* **How to complete this task**: Every line of the material must be given again verbatim. Skip the images.

* **Data segment**:
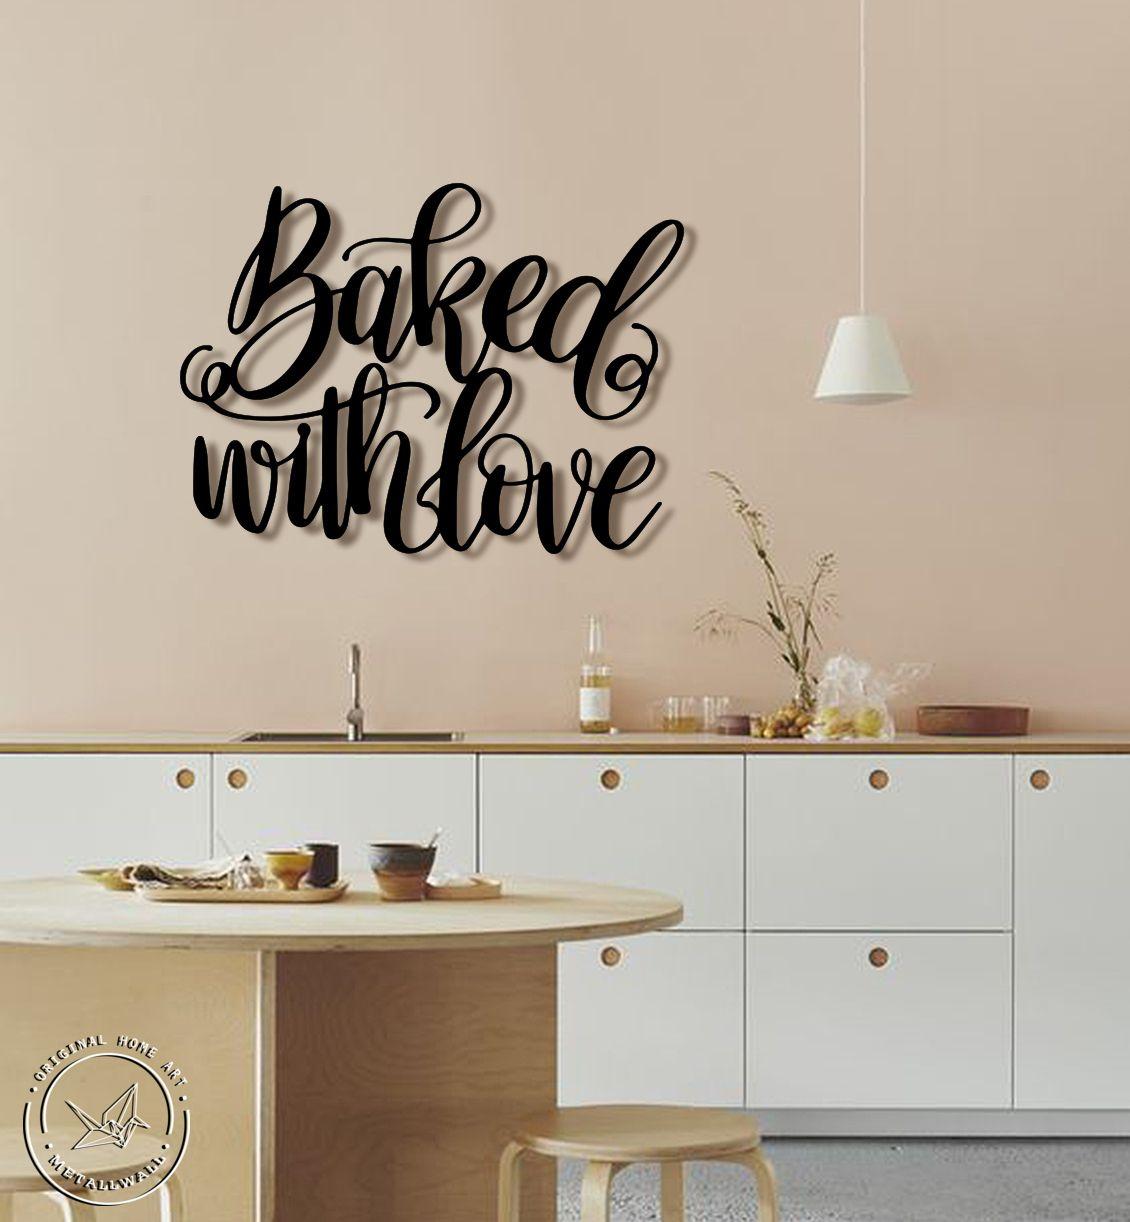 Kitchen wall art ideas, dining wall sign, metal wall art, wall
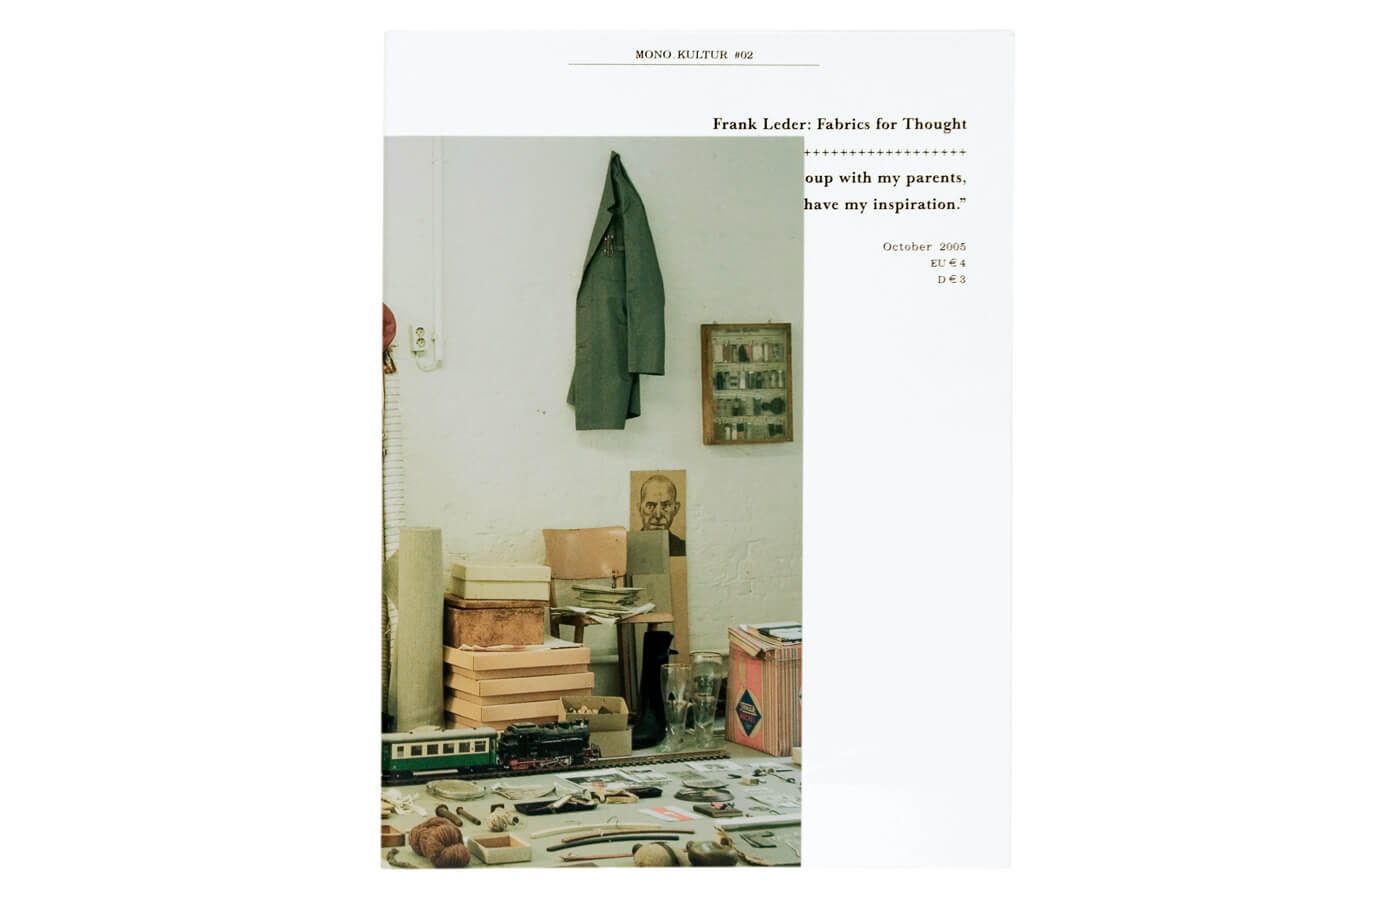 mono.kultur #02, Frank Leder: Fabrics For Thought
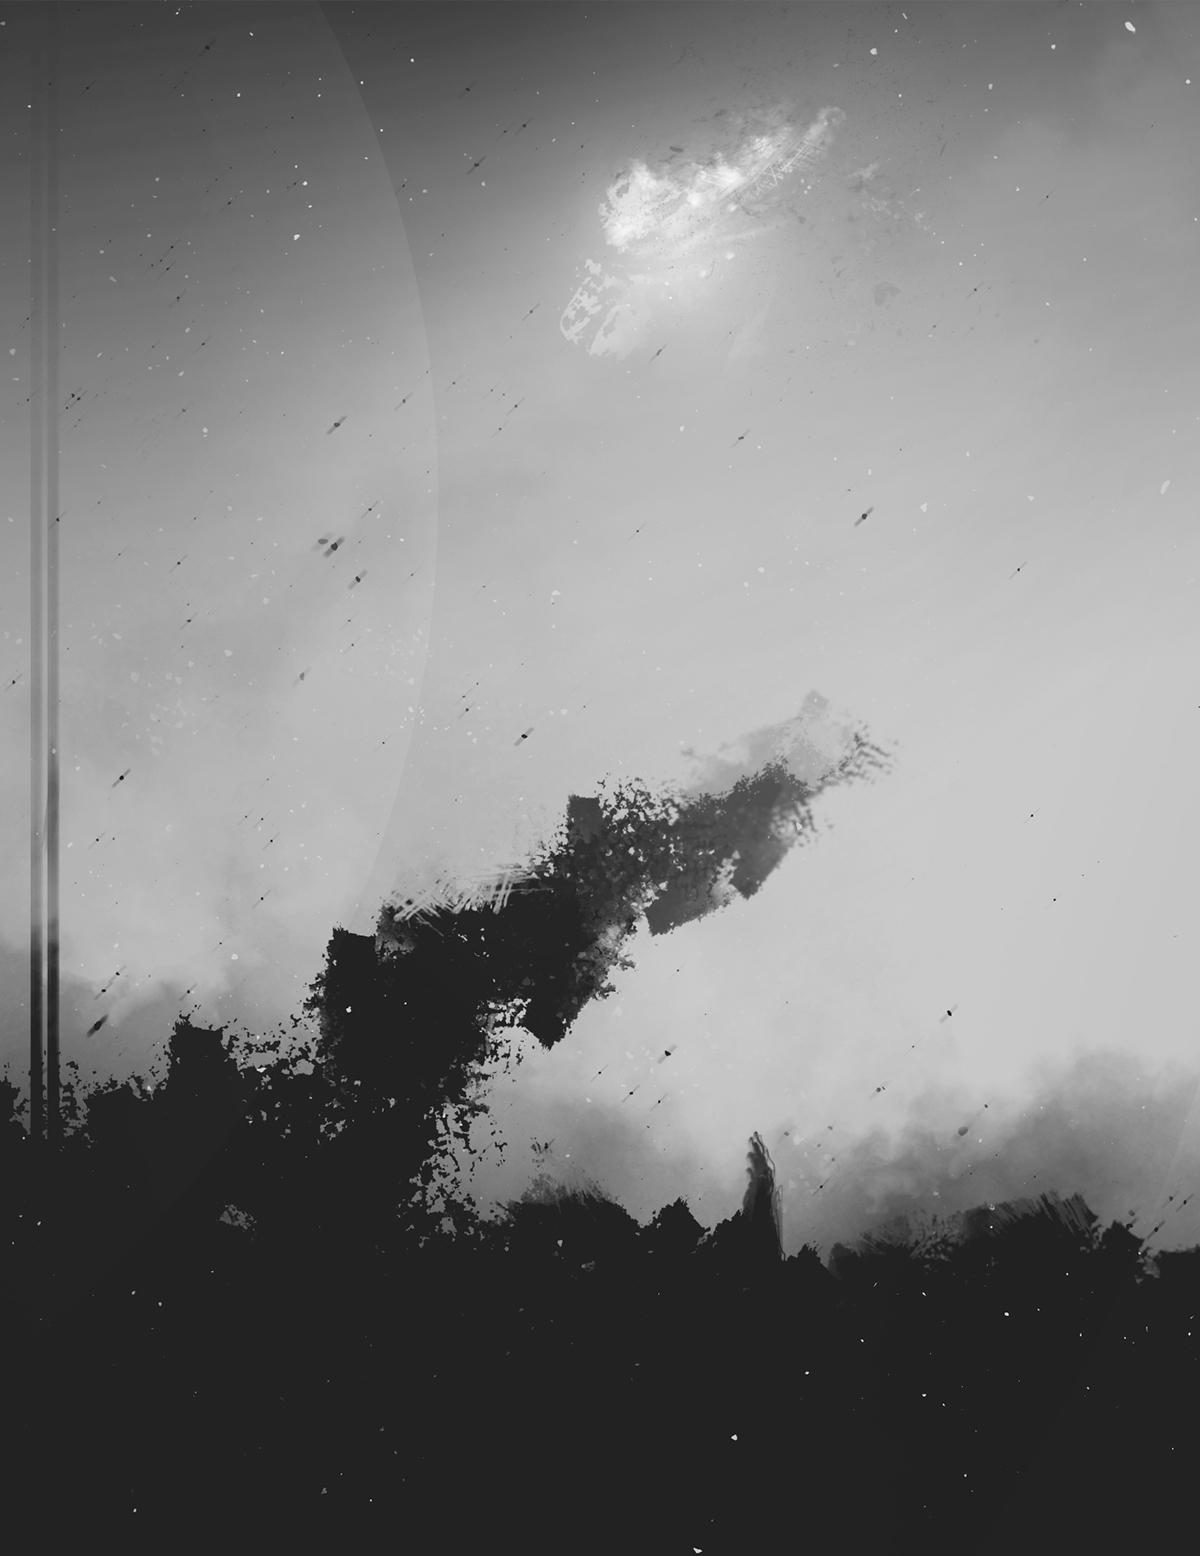 Landscape monochrome black and white Sun DISTORTED dust stars galaxy dark empny lonely pessimistic

* **Completed exercise**:
 Kitchen wall art ideas, dining wall sign, metal wall art, wall
 mono.kultur #02, Frank Leder: Fabrics For Thought
 Landscape monochrome black and white Sun DISTORTED dust stars galaxy dark empny lonely pessimistic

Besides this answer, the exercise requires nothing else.